▸ **WHAT YOU ARE ASKED TO DO**
Please repeat the whole listing exactly, but leave out any picture it holds.

▸ **SUPPLIED DATA**
:::

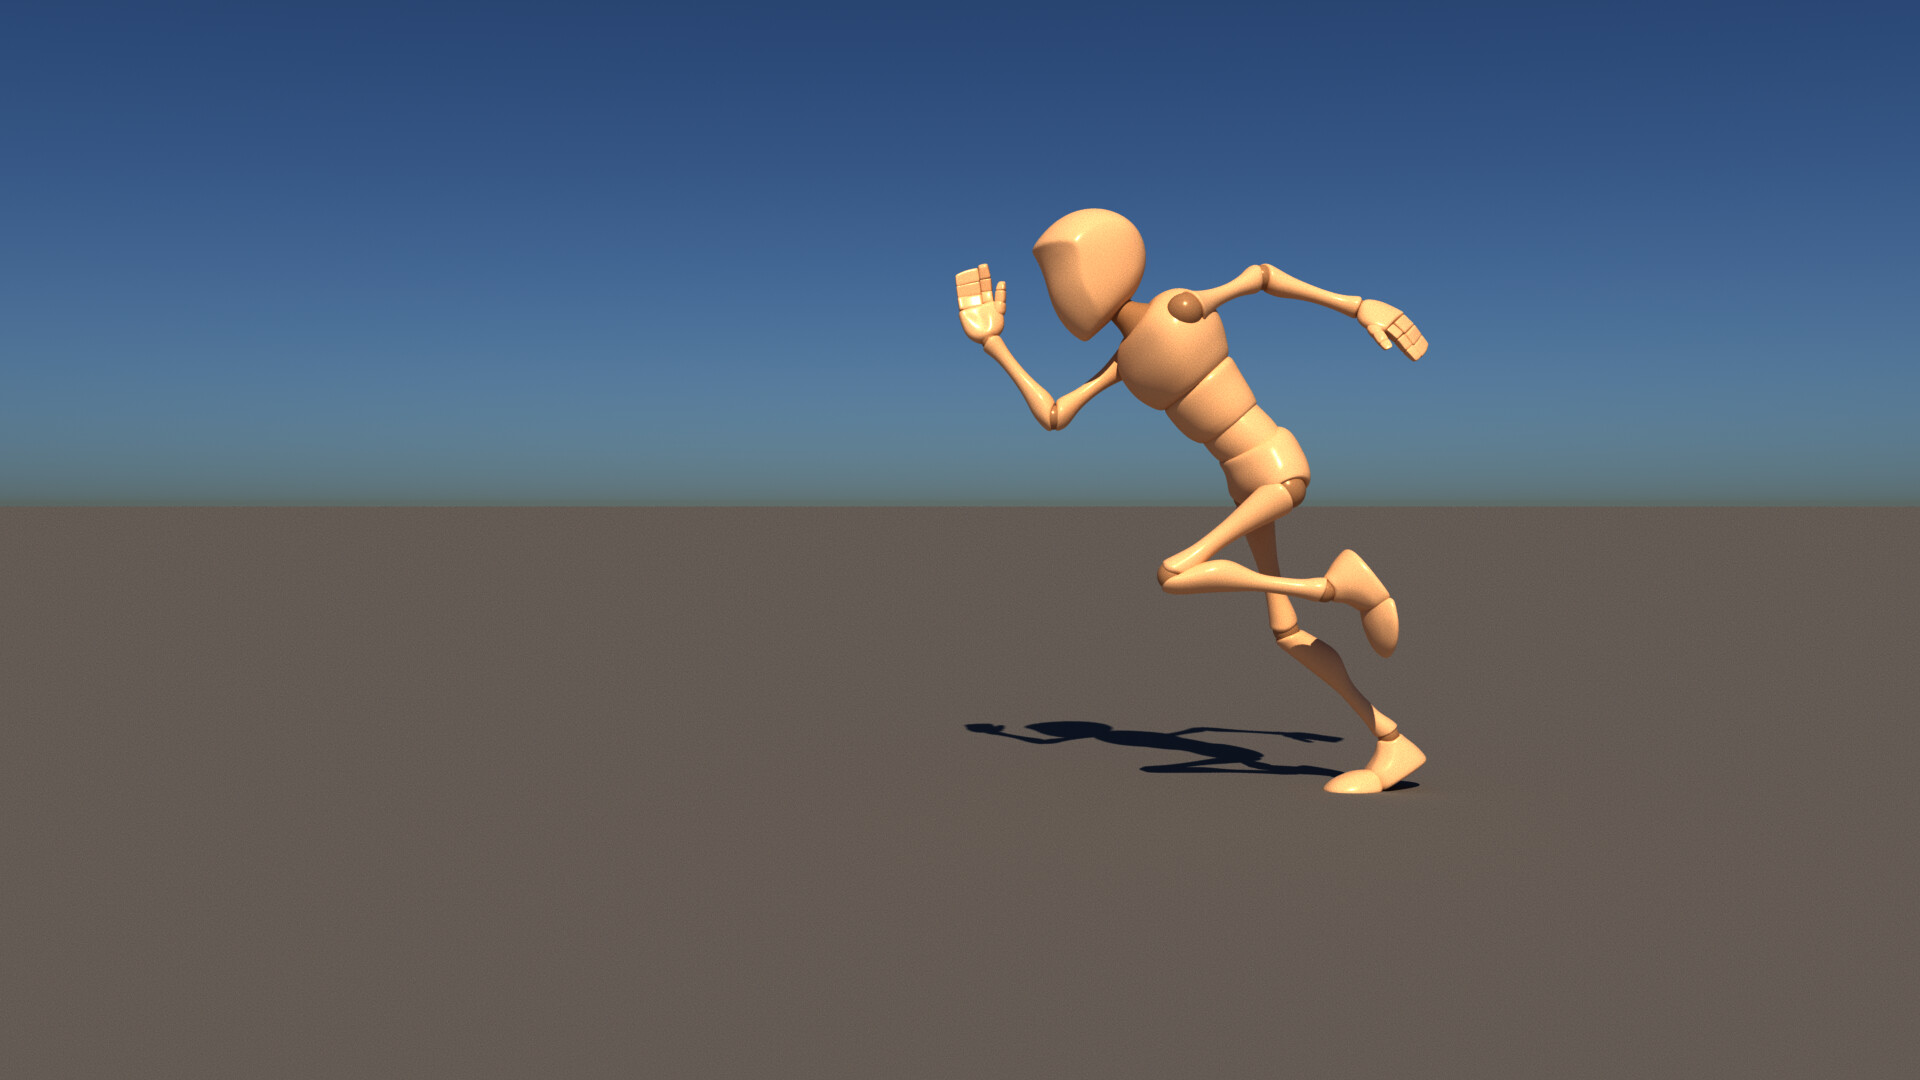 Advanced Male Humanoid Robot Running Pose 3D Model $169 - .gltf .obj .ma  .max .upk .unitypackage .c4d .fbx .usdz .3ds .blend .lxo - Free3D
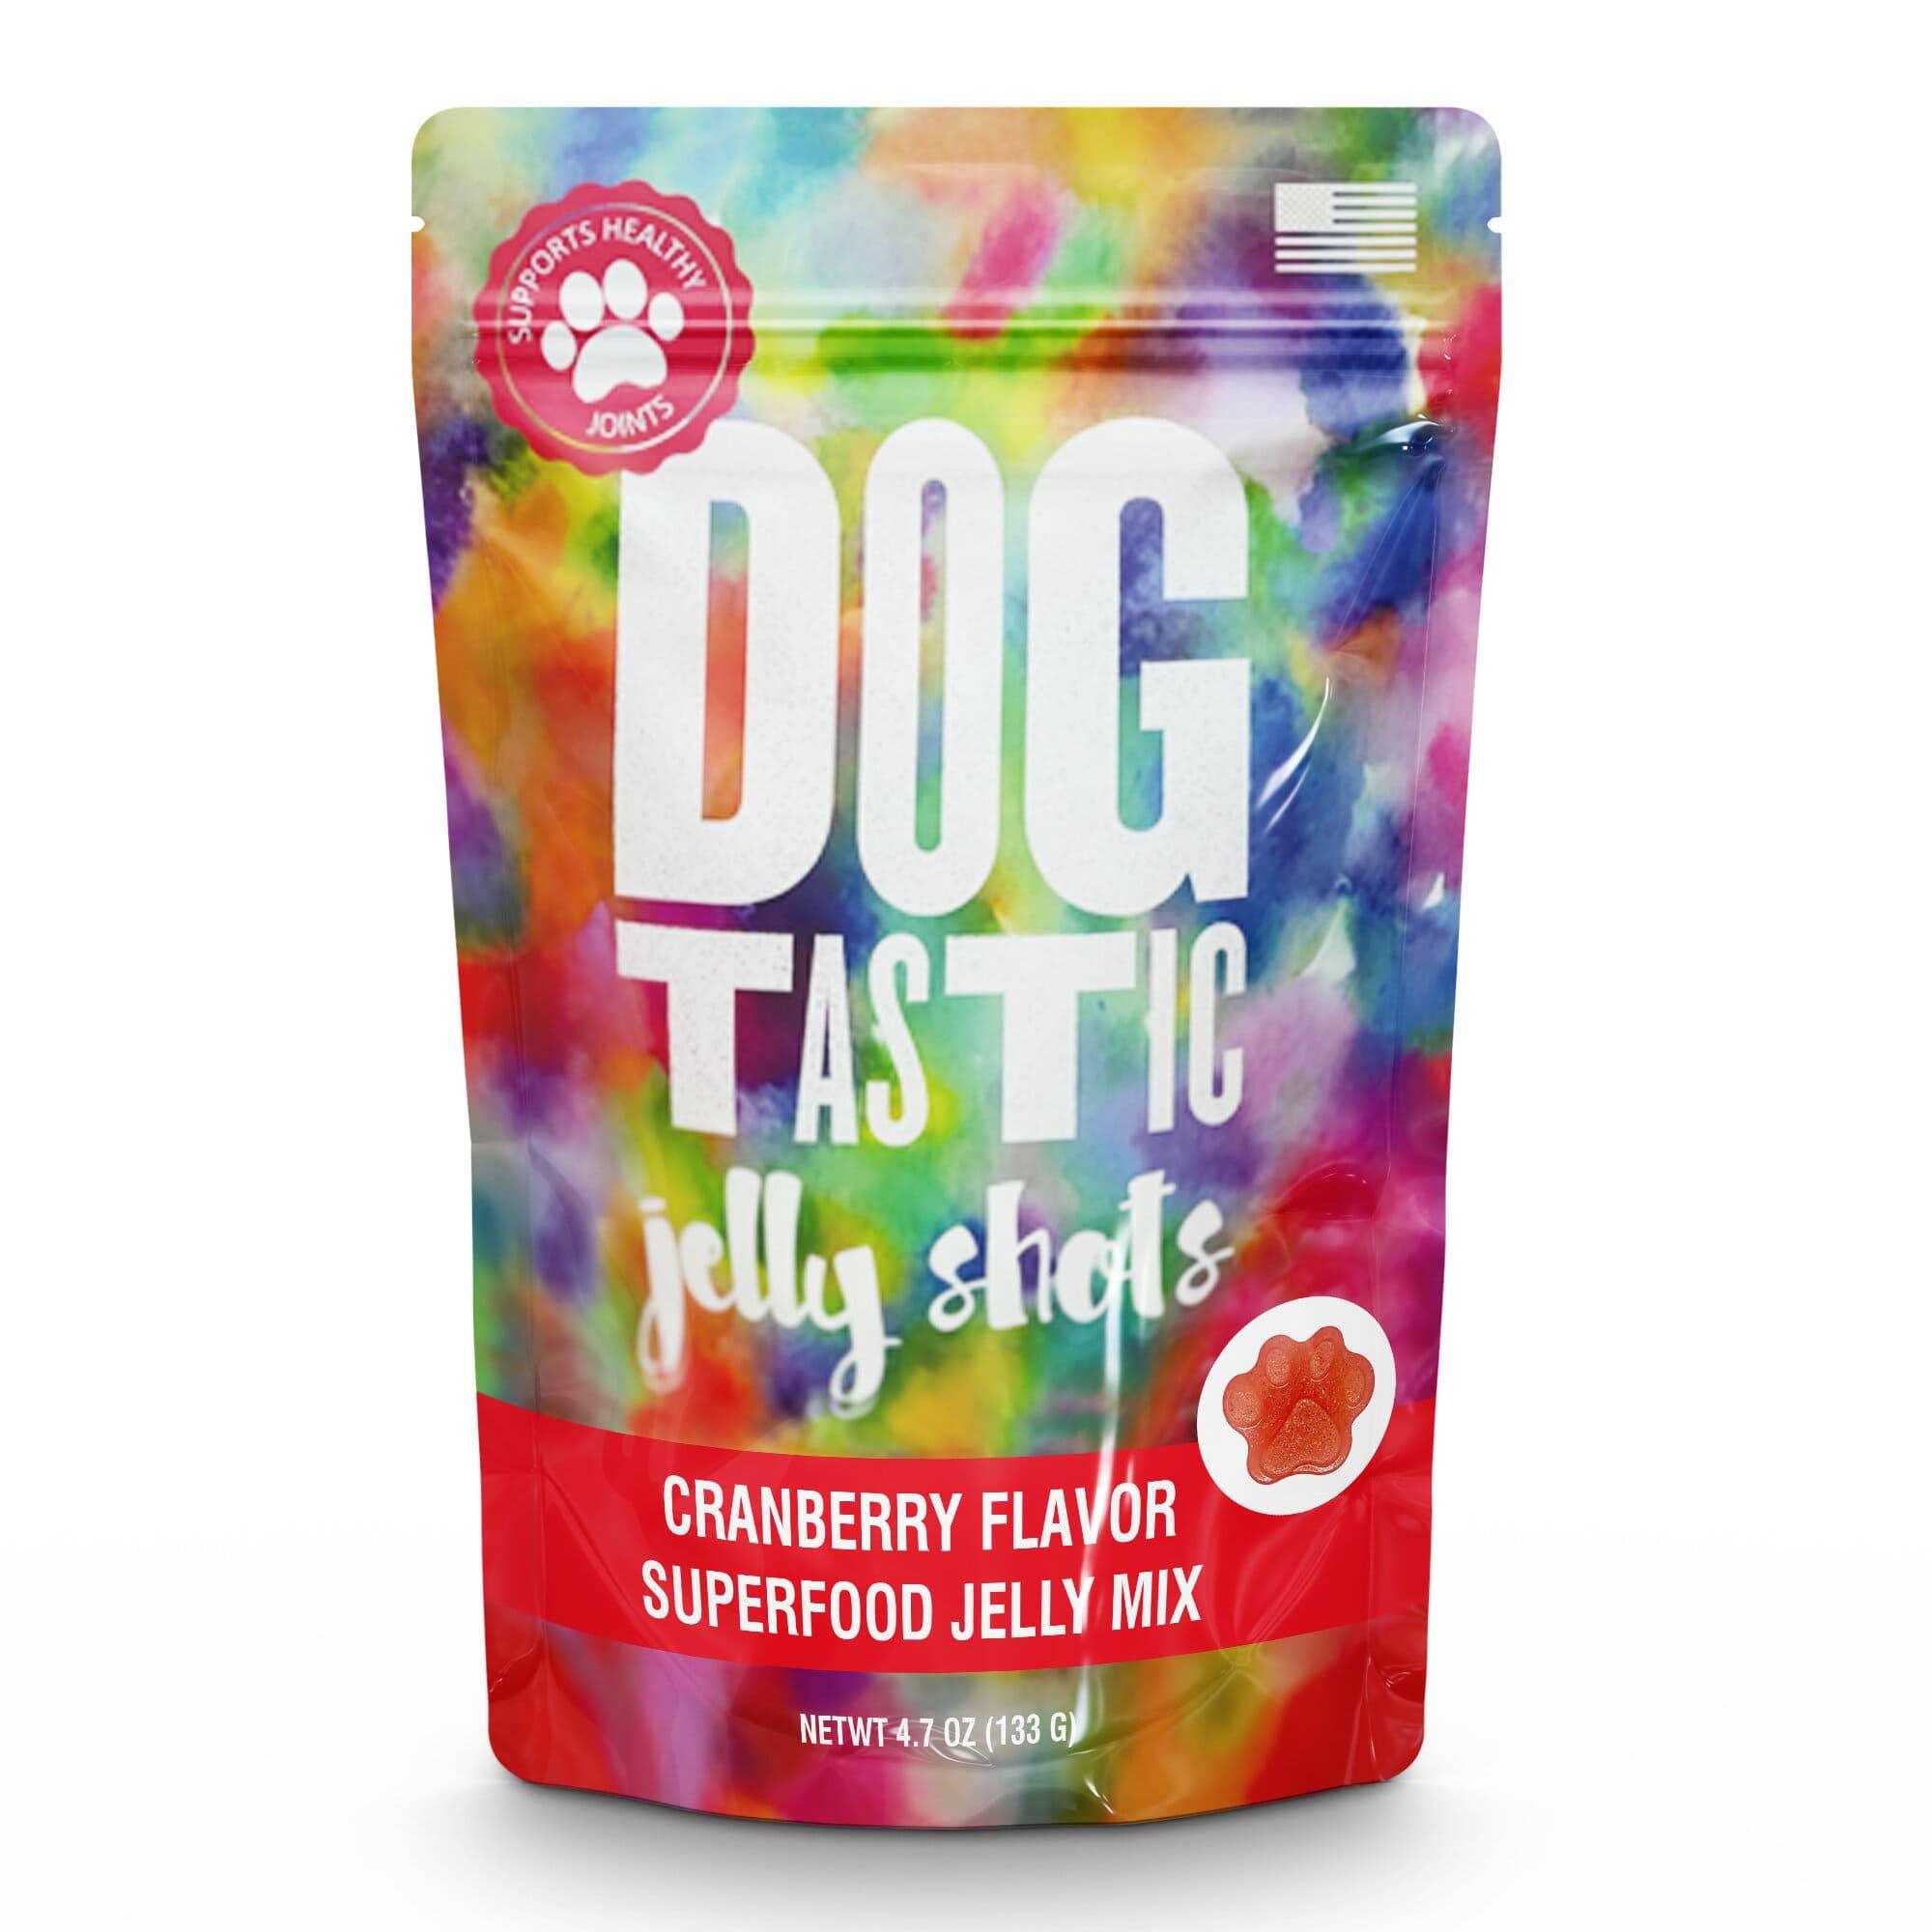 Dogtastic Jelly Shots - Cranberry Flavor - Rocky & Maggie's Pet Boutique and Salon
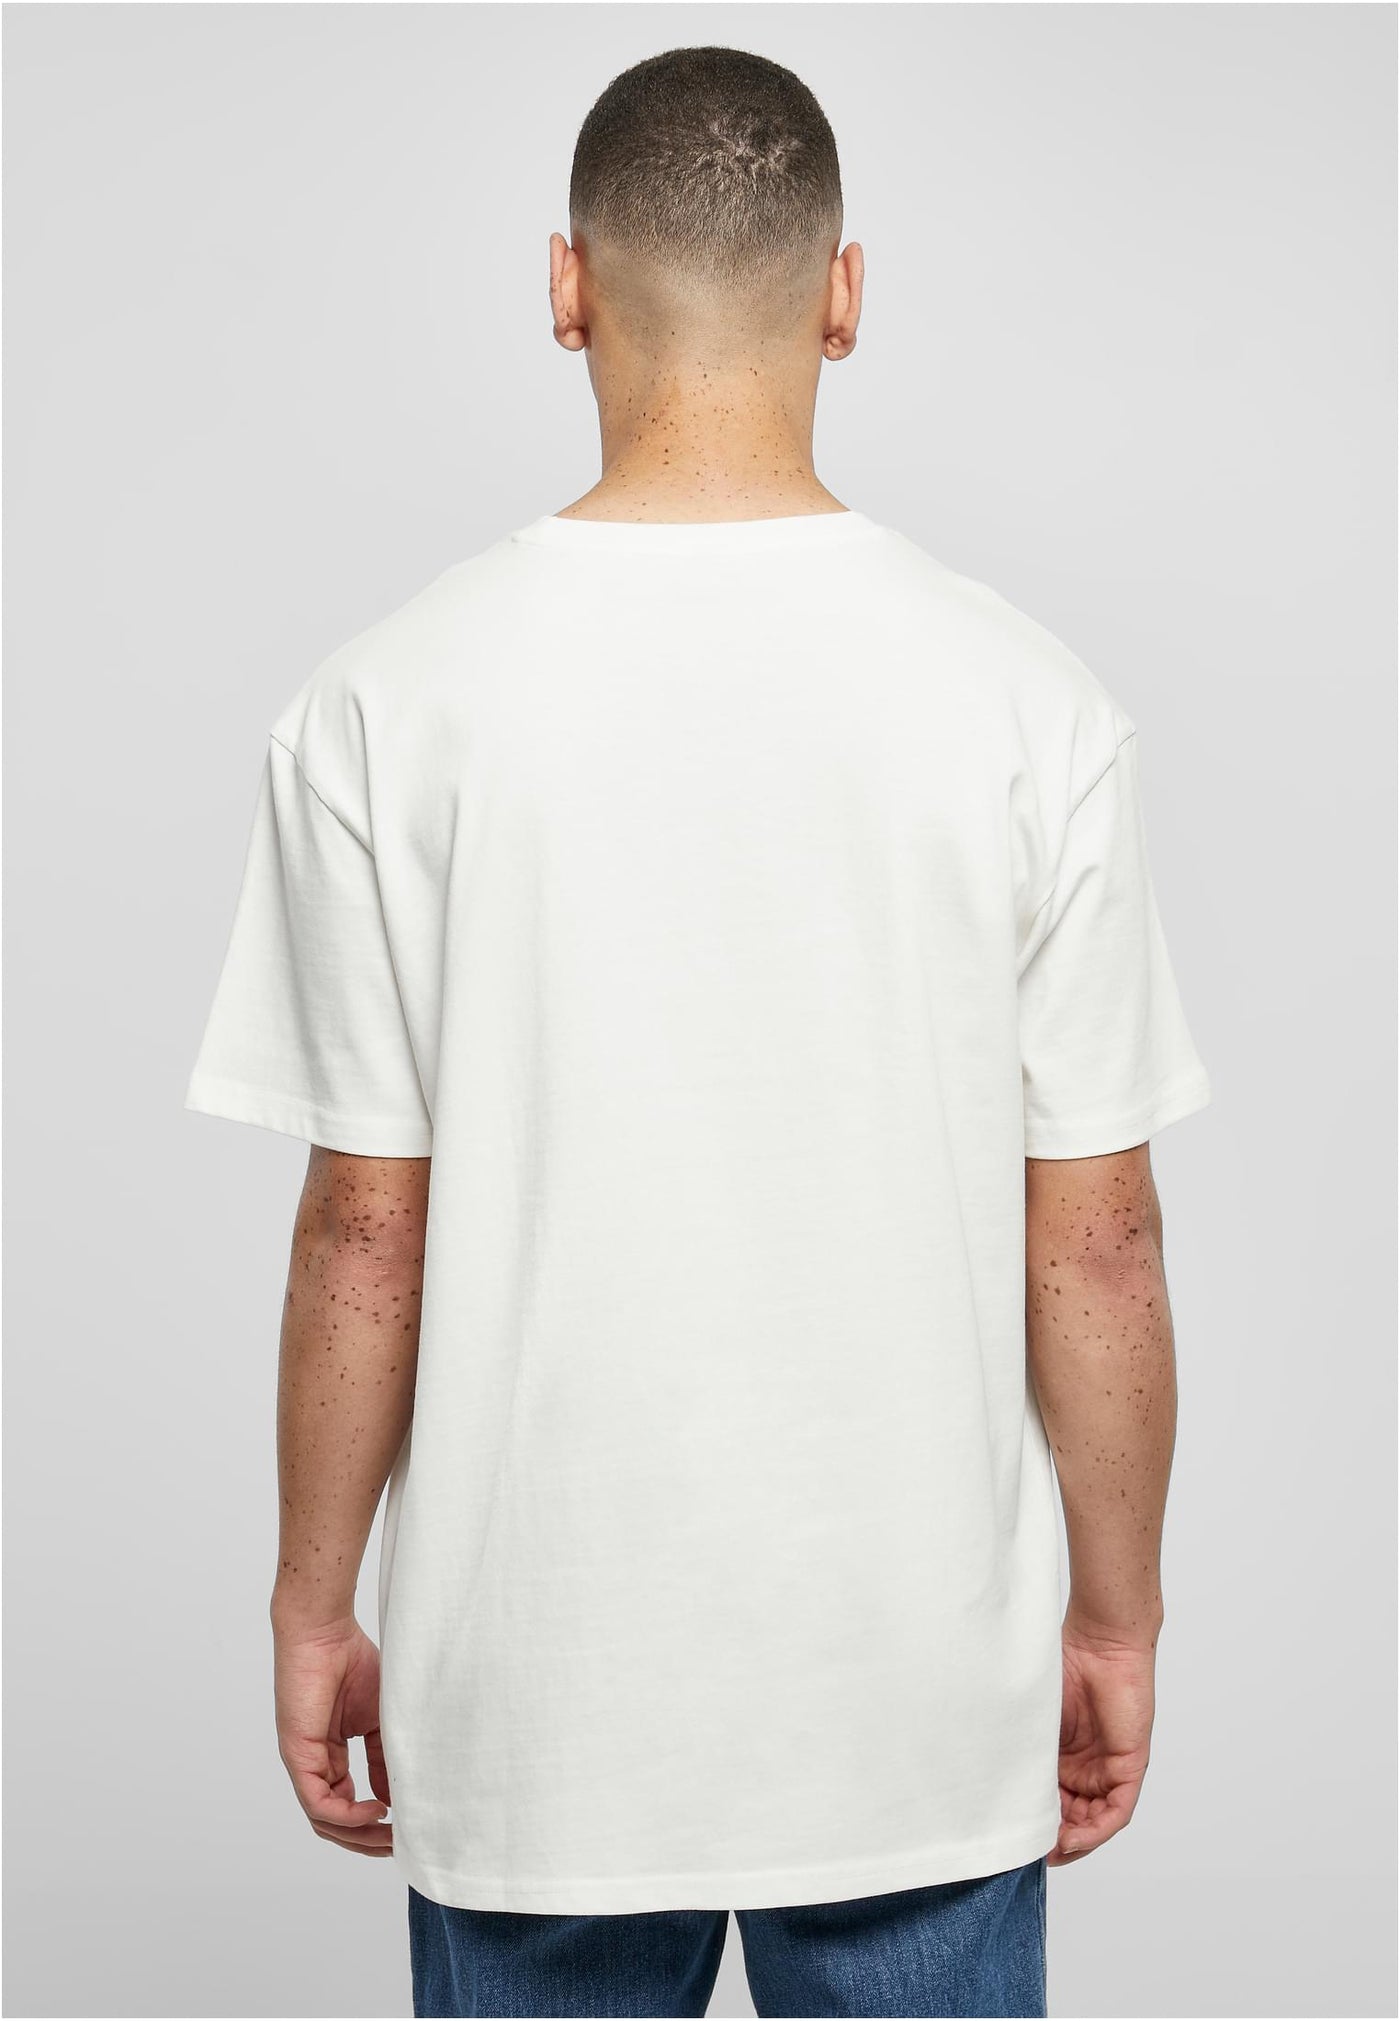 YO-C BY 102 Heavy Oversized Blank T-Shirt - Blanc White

:::

▸ **OUTPUT OF THE TASK**
 Advanced Male Humanoid Robot Running Pose 3D Model $169 - .gltf .obj .ma  .max .upk .unitypackage .c4d .fbx .usdz .3ds .blend .lxo - Free3D
 Dogtastic Jelly Shots - Cranberry Flavor - Rocky & Maggie's Pet Boutique and Salon
 YO-C BY 102 Heavy Oversized Blank T-Shirt - Blanc White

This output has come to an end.